[Recorded data — start]

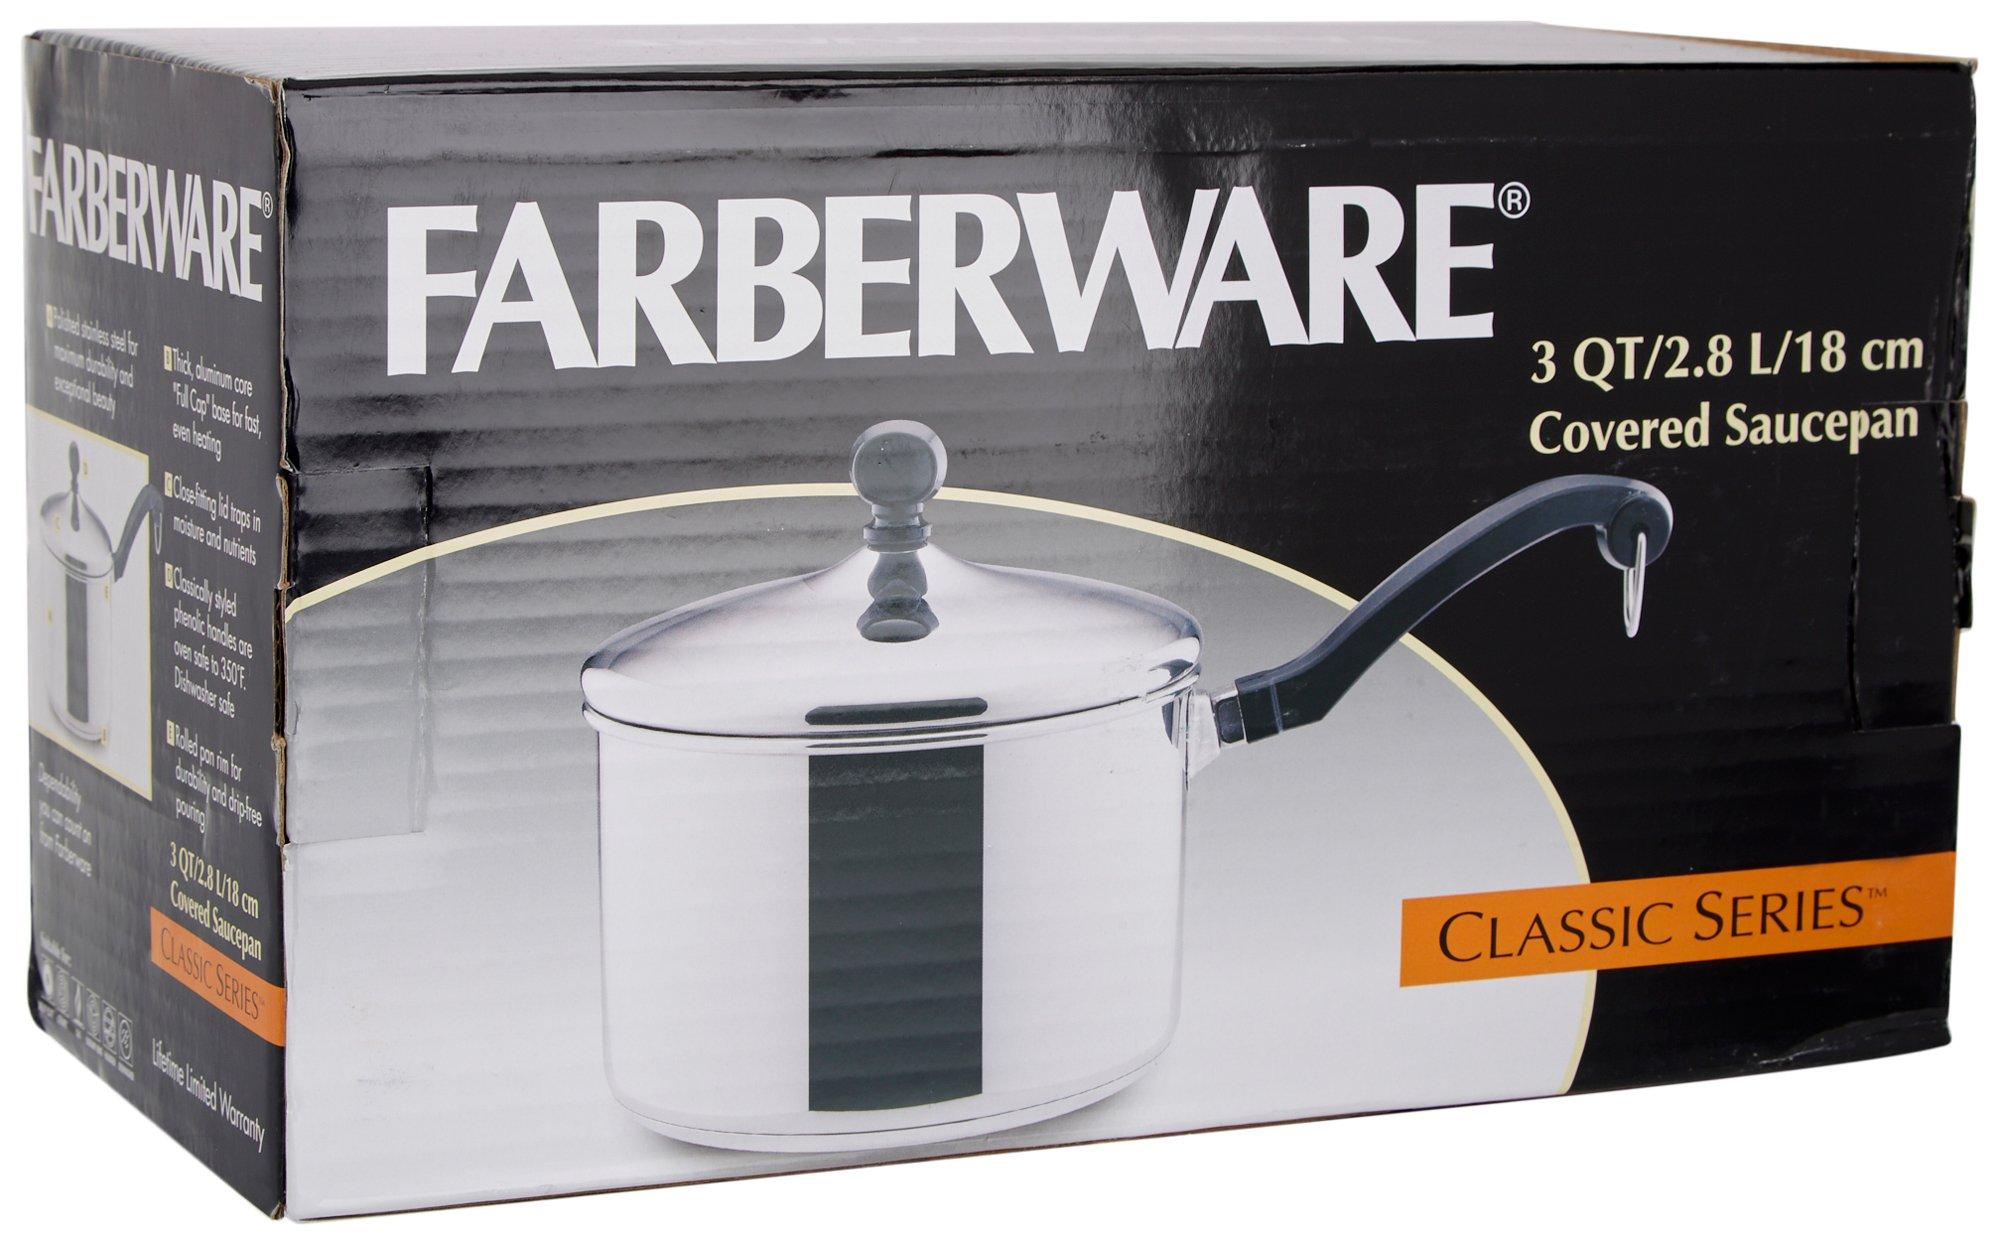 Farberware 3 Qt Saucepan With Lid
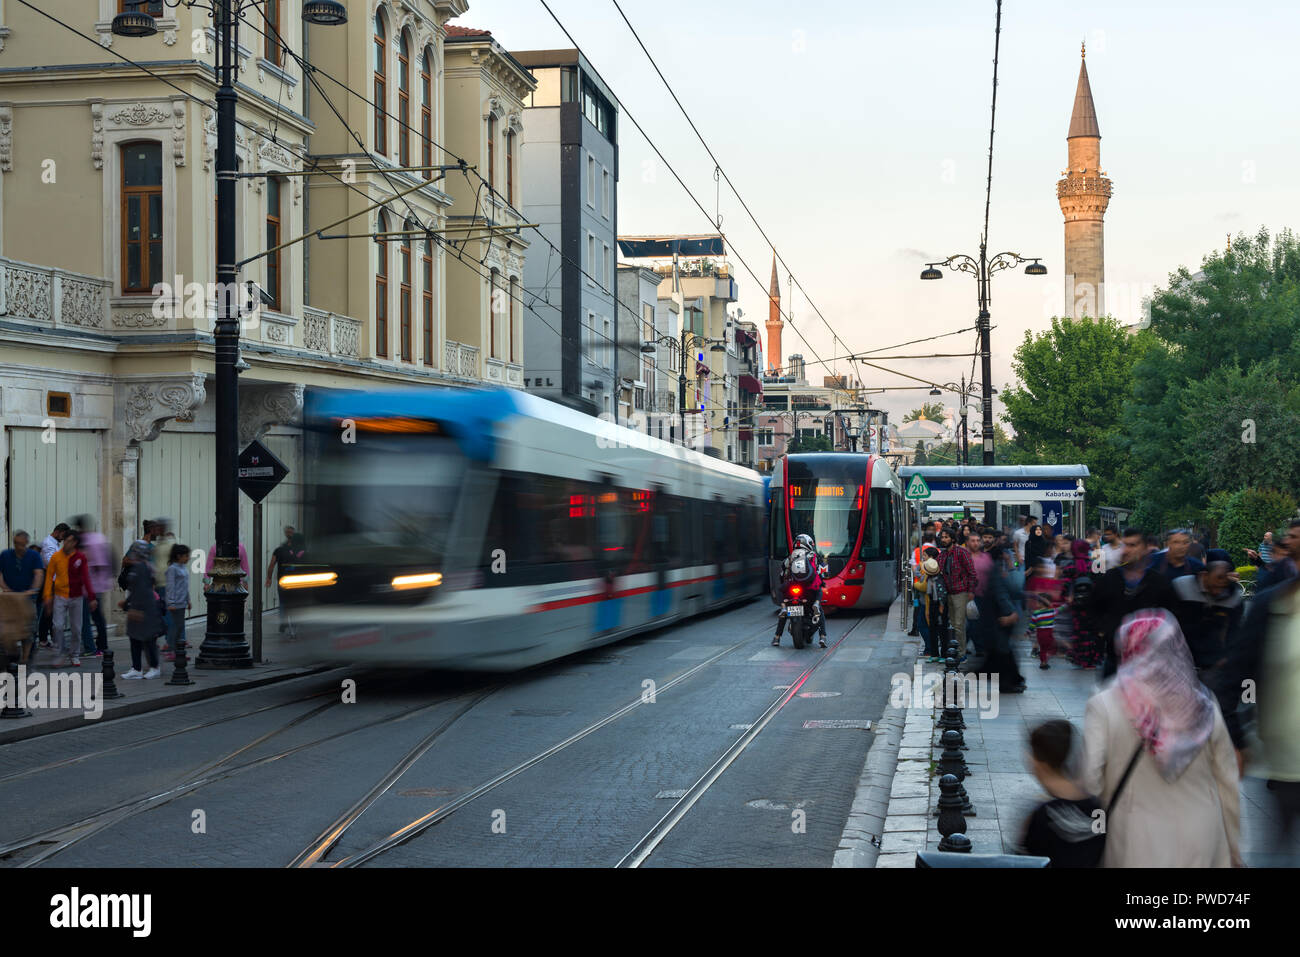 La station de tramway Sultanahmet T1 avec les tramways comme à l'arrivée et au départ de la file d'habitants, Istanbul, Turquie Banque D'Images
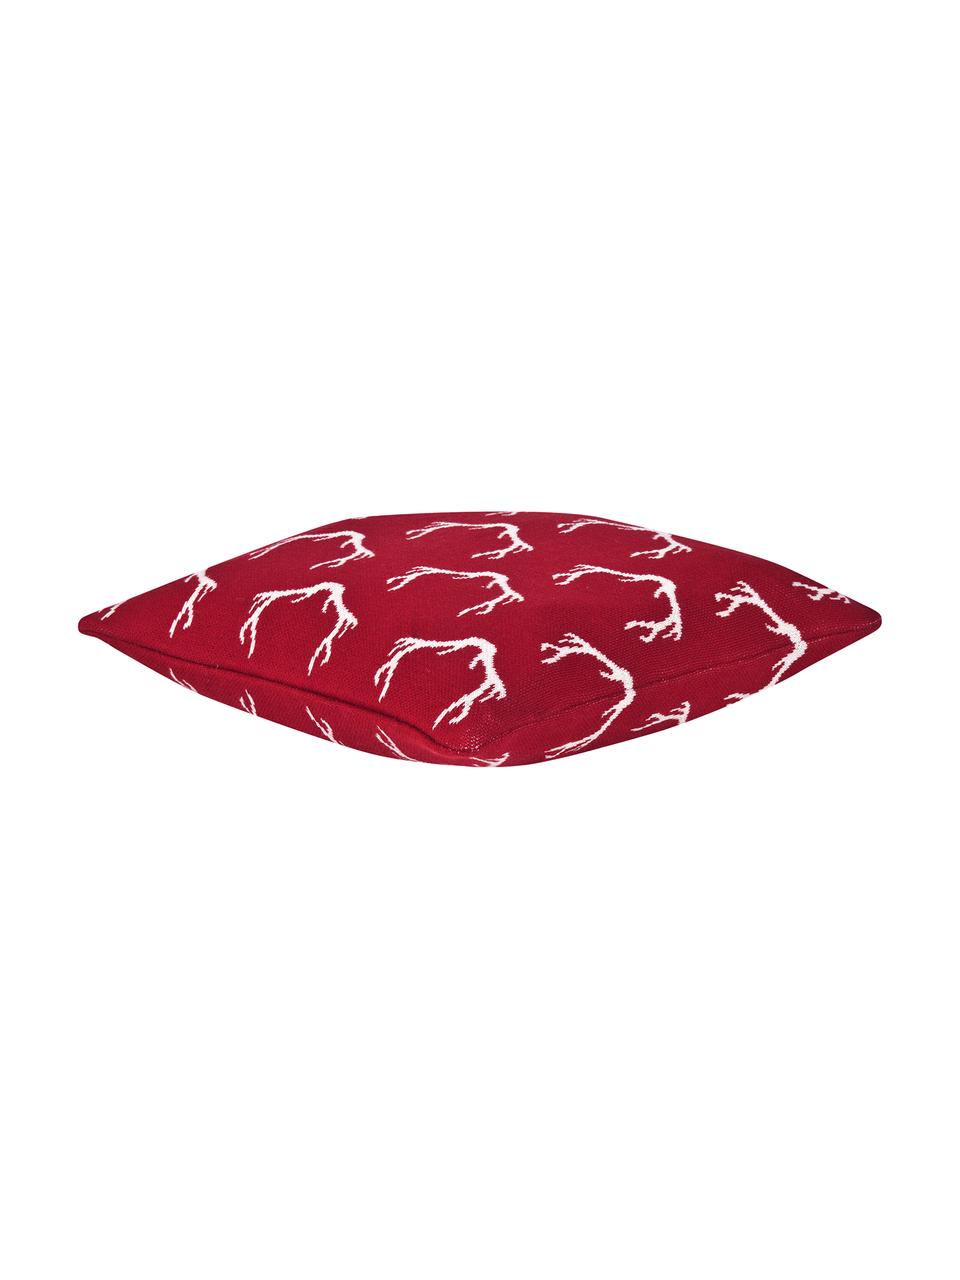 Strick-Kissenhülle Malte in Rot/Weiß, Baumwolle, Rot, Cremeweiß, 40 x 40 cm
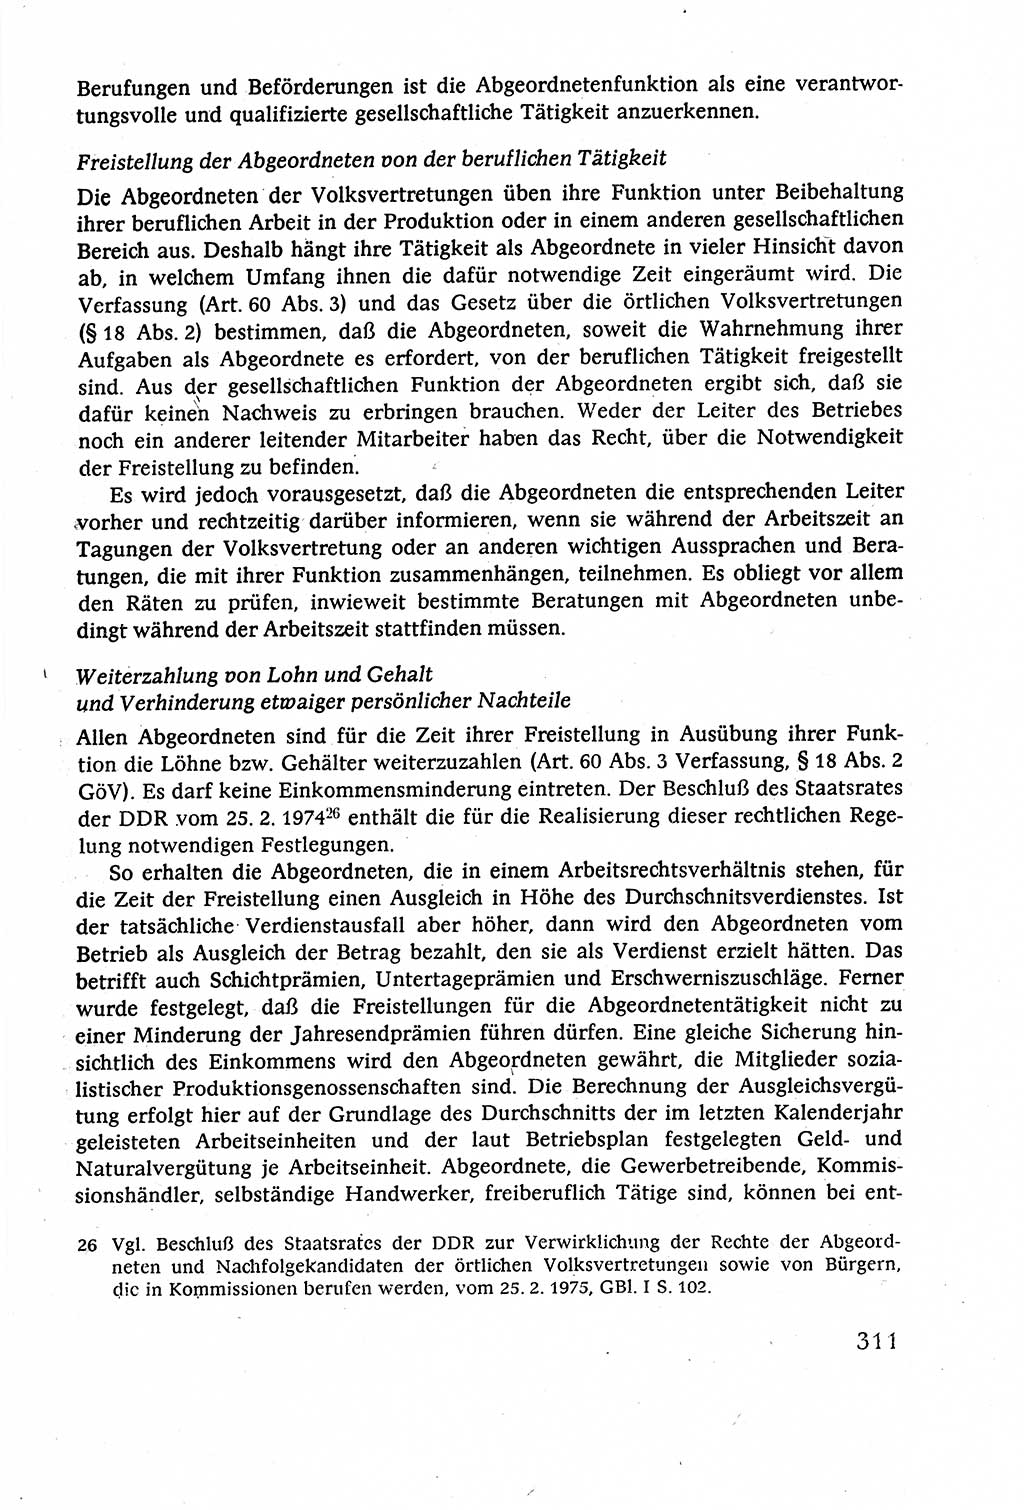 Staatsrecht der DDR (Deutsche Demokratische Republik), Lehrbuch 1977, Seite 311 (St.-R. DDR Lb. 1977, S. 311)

[Recorded data — finish]

*Brief*
Each line above should be returned exactly as it stands, minus any pictures.

*Solution below*
 Farberware 3 Qt Saucepan With Lid
 La station de tramway Sultanahmet T1 avec les tramways comme à l'arrivée et au départ de la file d'habitants, Istanbul, Turquie Banque D'Images
 Strick-Kissenhülle Malte in Rot/Weiß, Baumwolle, Rot, Cremeweiß, 40 x 40 cm
 Staatsrecht der DDR (Deutsche Demokratische Republik), Lehrbuch 1977, Seite 311 (St.-R. DDR Lb. 1977, S. 311)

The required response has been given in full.